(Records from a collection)

##########

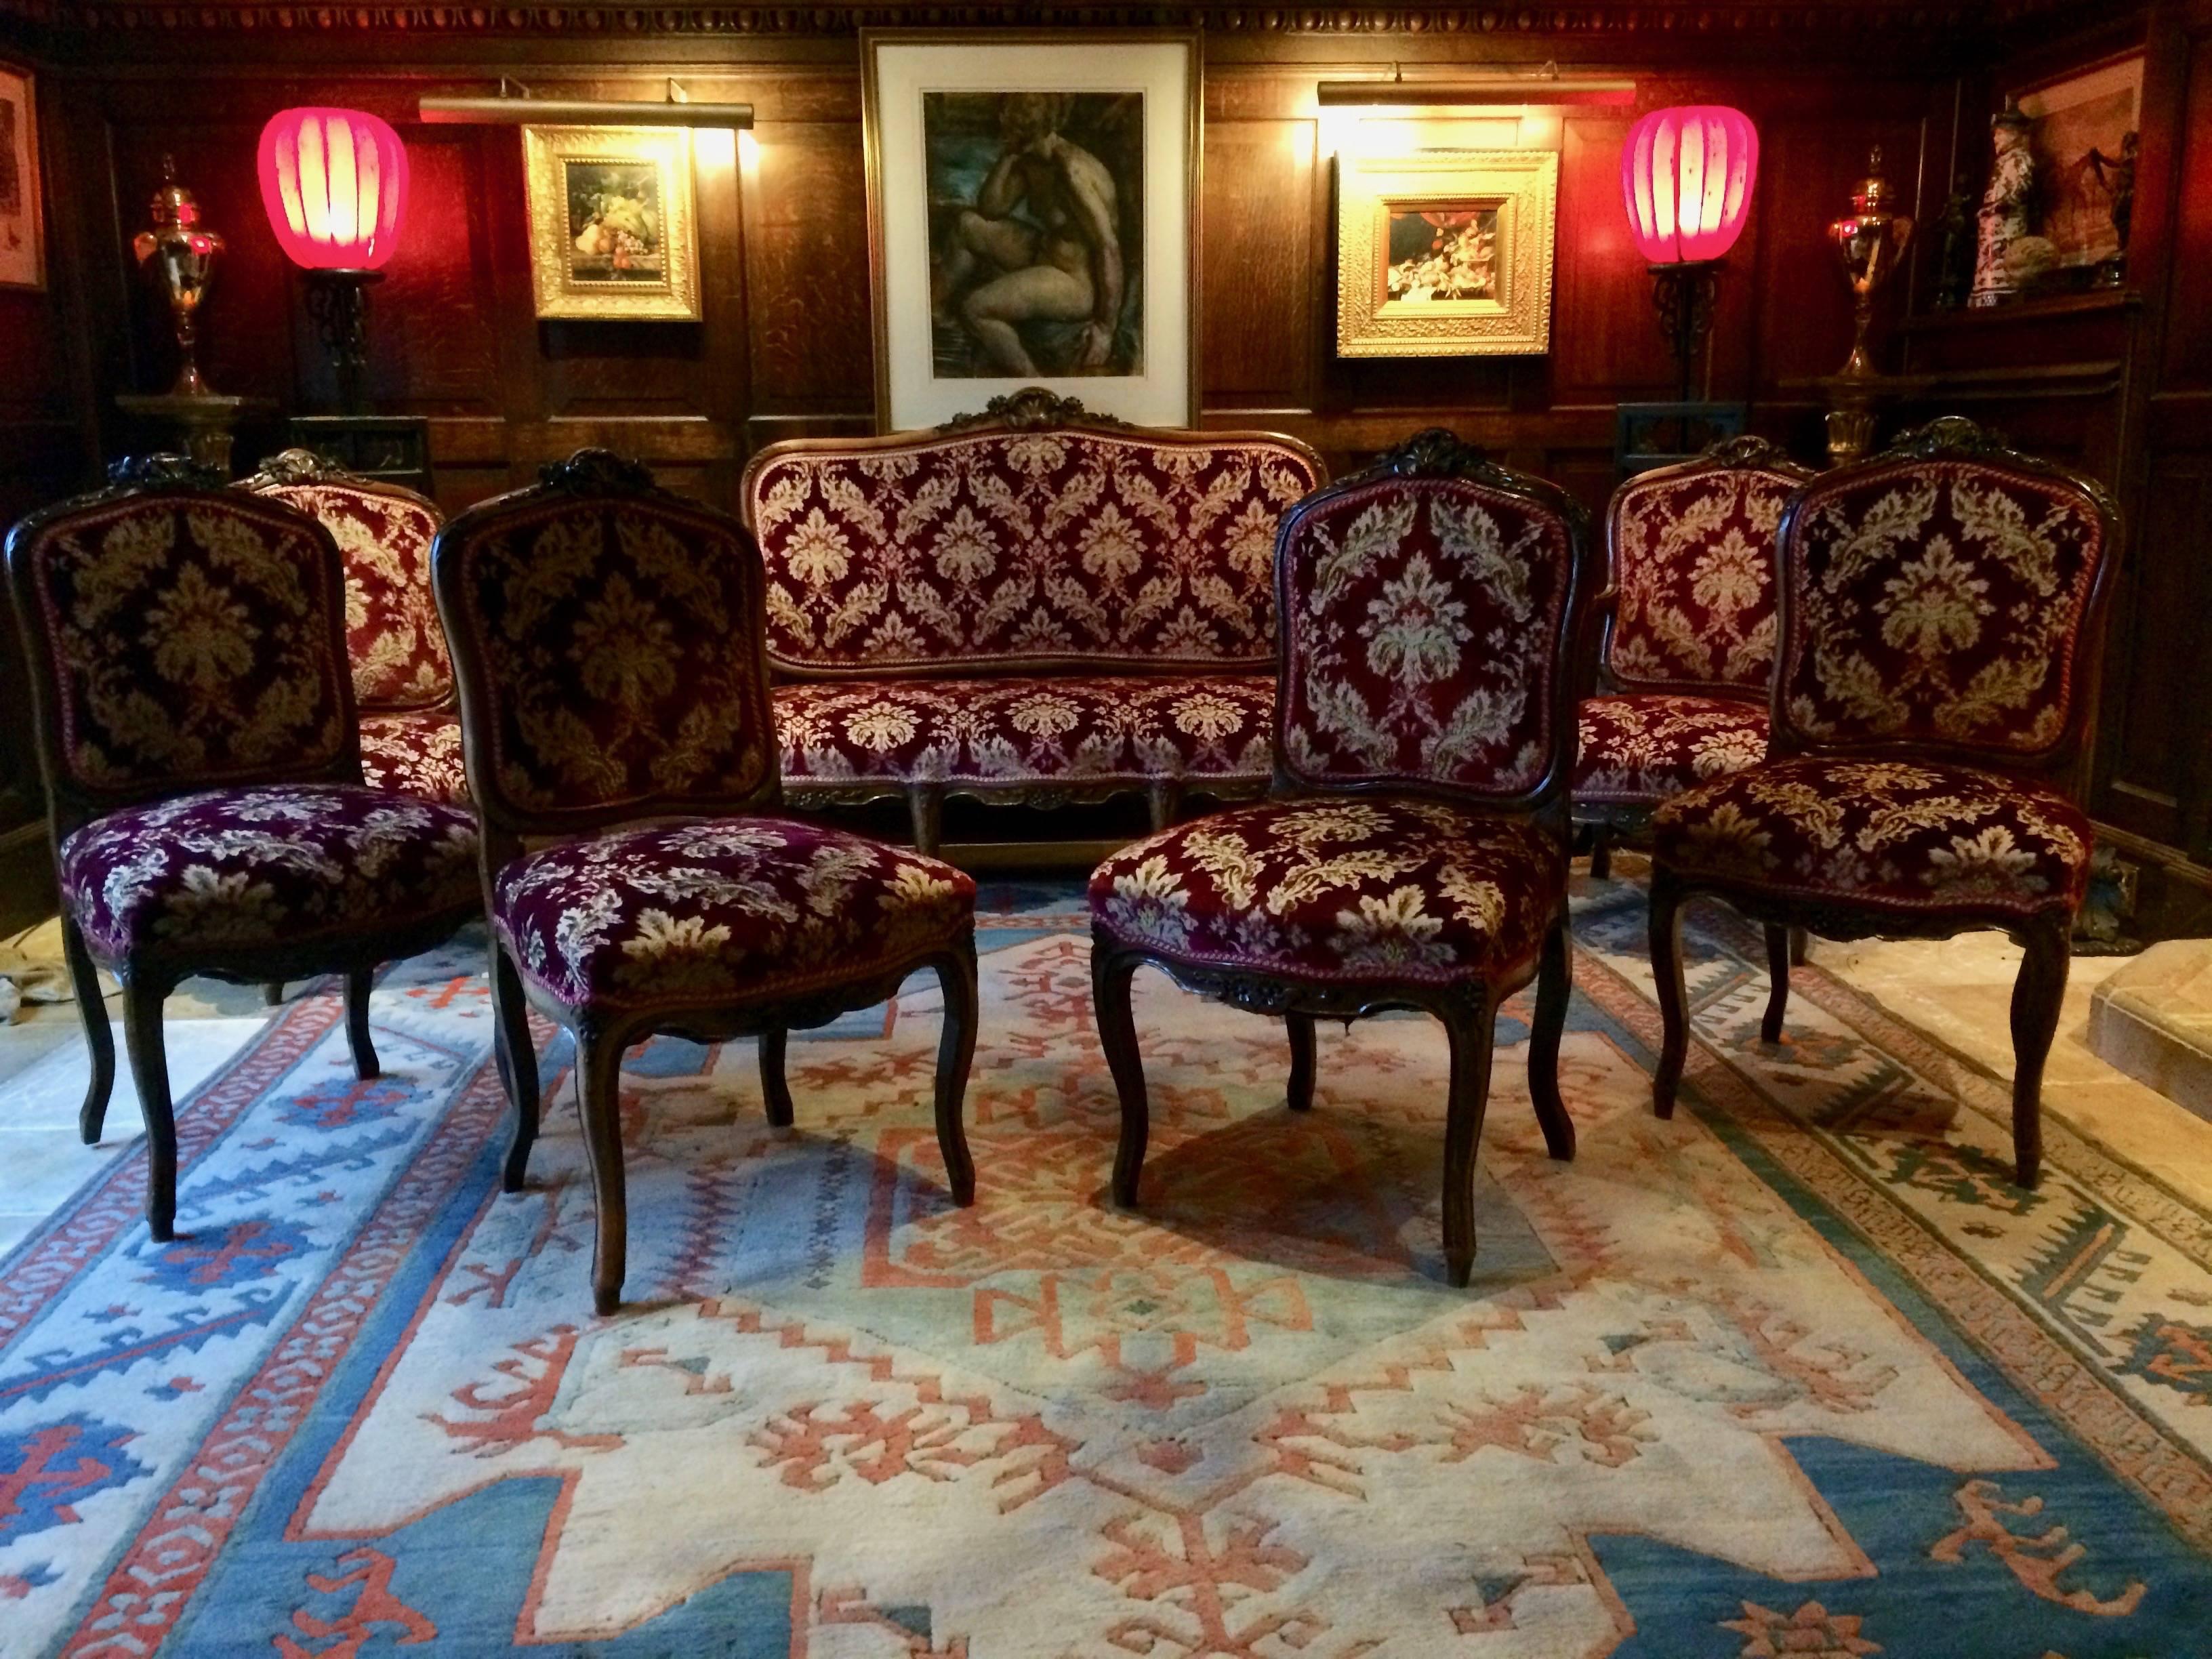 A stunning 19th century Victorian mahogany lounge suite with showood frames, the backs and seats upholstered in damask, comprising a canape, pair of armchairs and four side chairs

Antique
19th century
Salon suite
Seven pieces
Canape sofa
Two
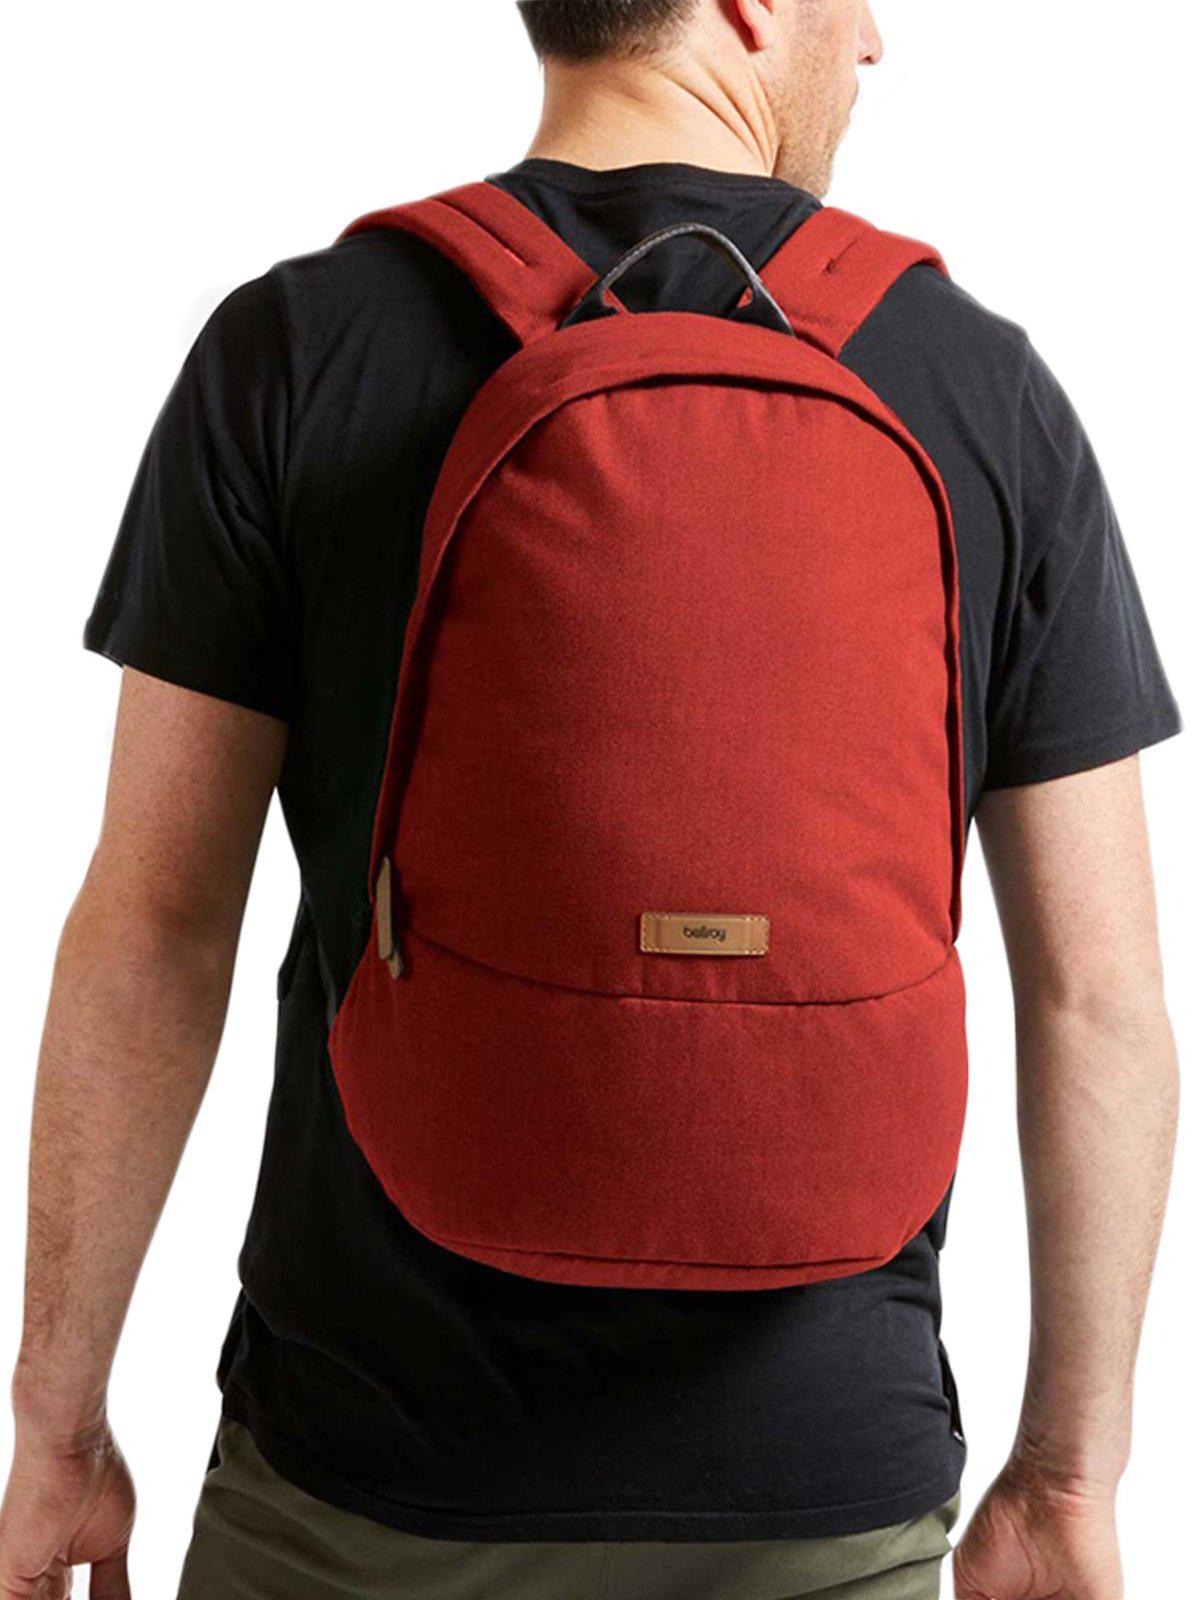 Bellroy Classic Backpack Red Ochre - MORE by Morello Indonesia
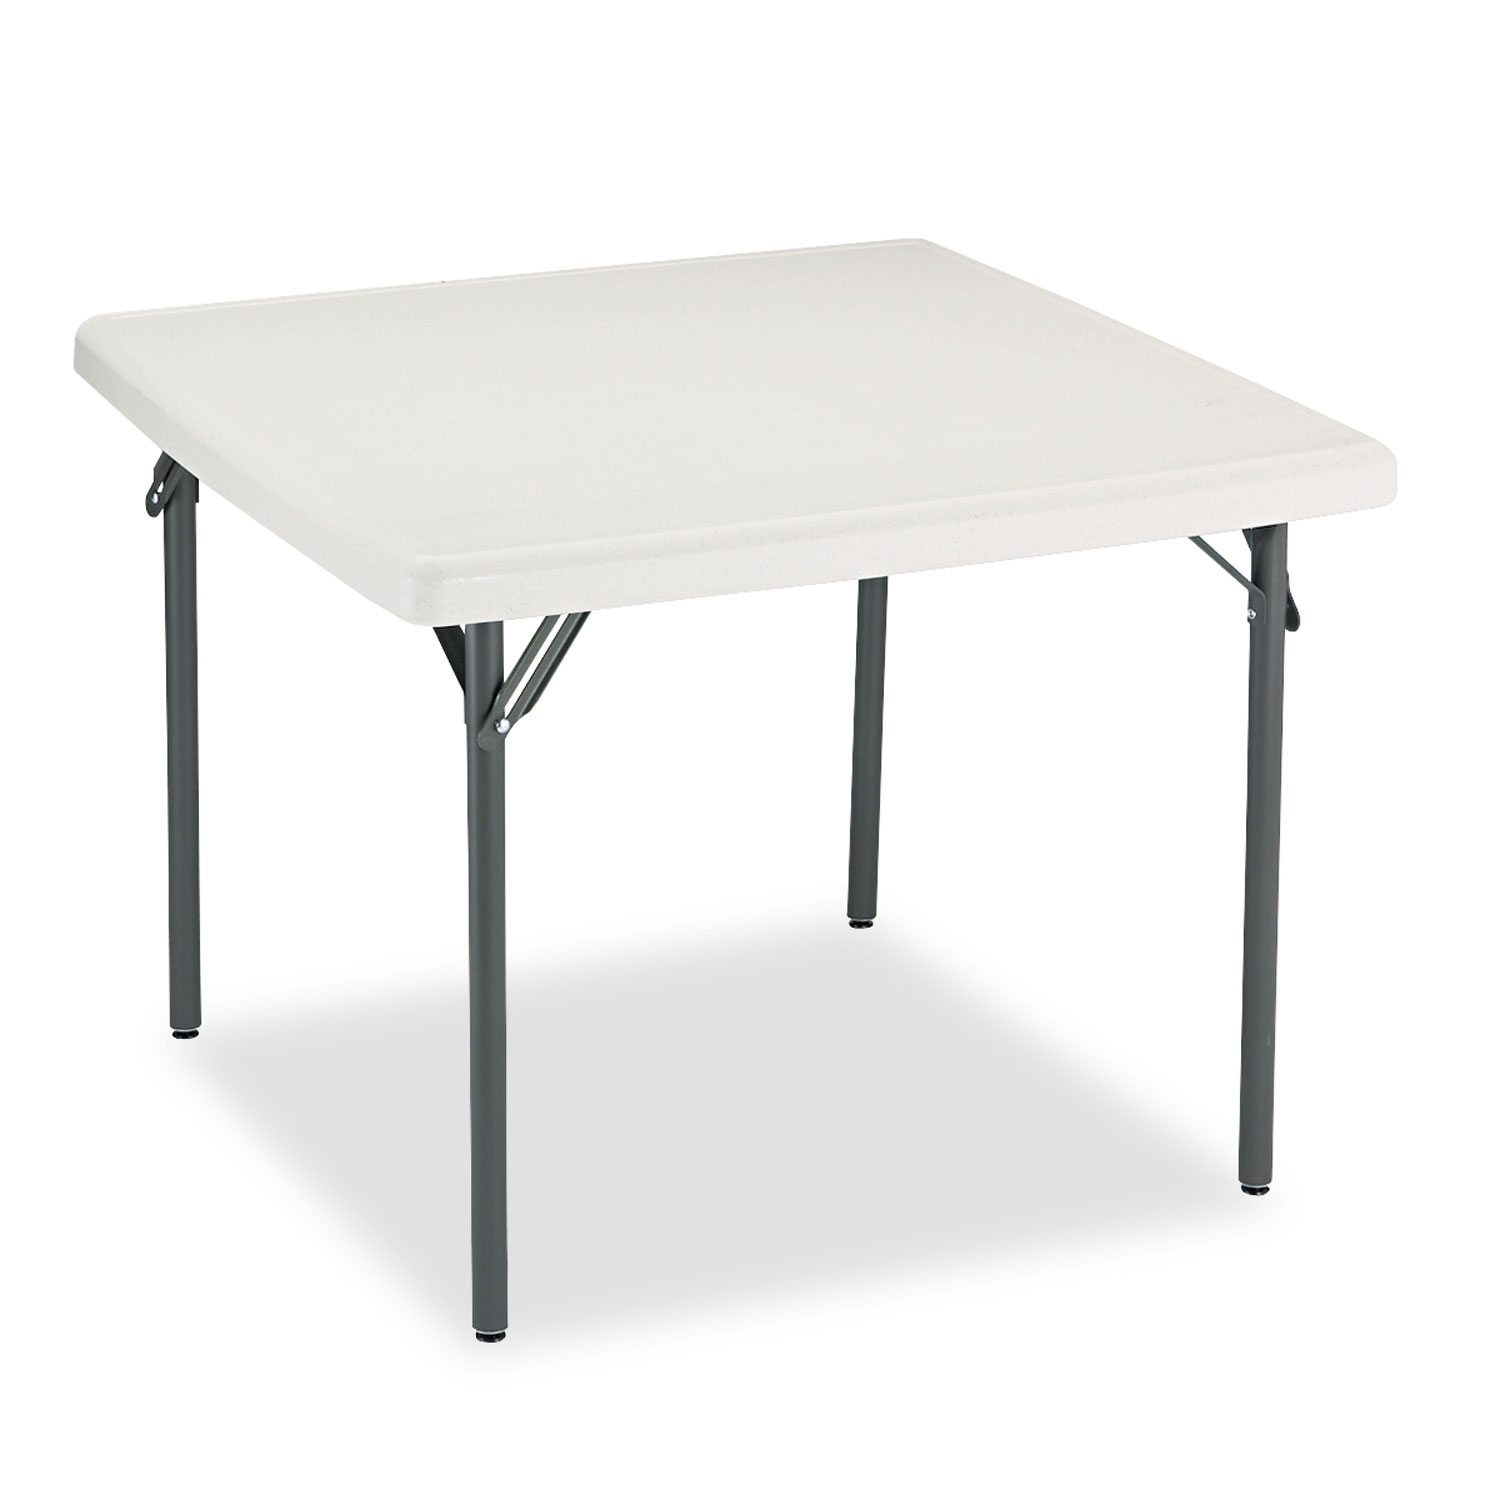 IndestrucTables Too 1200 Series Resin Folding Table, 37w x 37d x 29h, Platinum

##########

_What is being asked_.
Could you reproduce every record above exactly, leaving out the pictures?

_Result for this task_.
 A stunning 19th century Victorian mahogany lounge suite with showood frames, the backs and seats upholstered in damask, comprising a canape, pair of armchairs and four side chairs

Antique
19th century
Salon suite
Seven pieces
Canape sofa
Two
 Bellroy Classic Backpack Red Ochre - MORE by Morello Indonesia
 IndestrucTables Too 1200 Series Resin Folding Table, 37w x 37d x 29h, Platinum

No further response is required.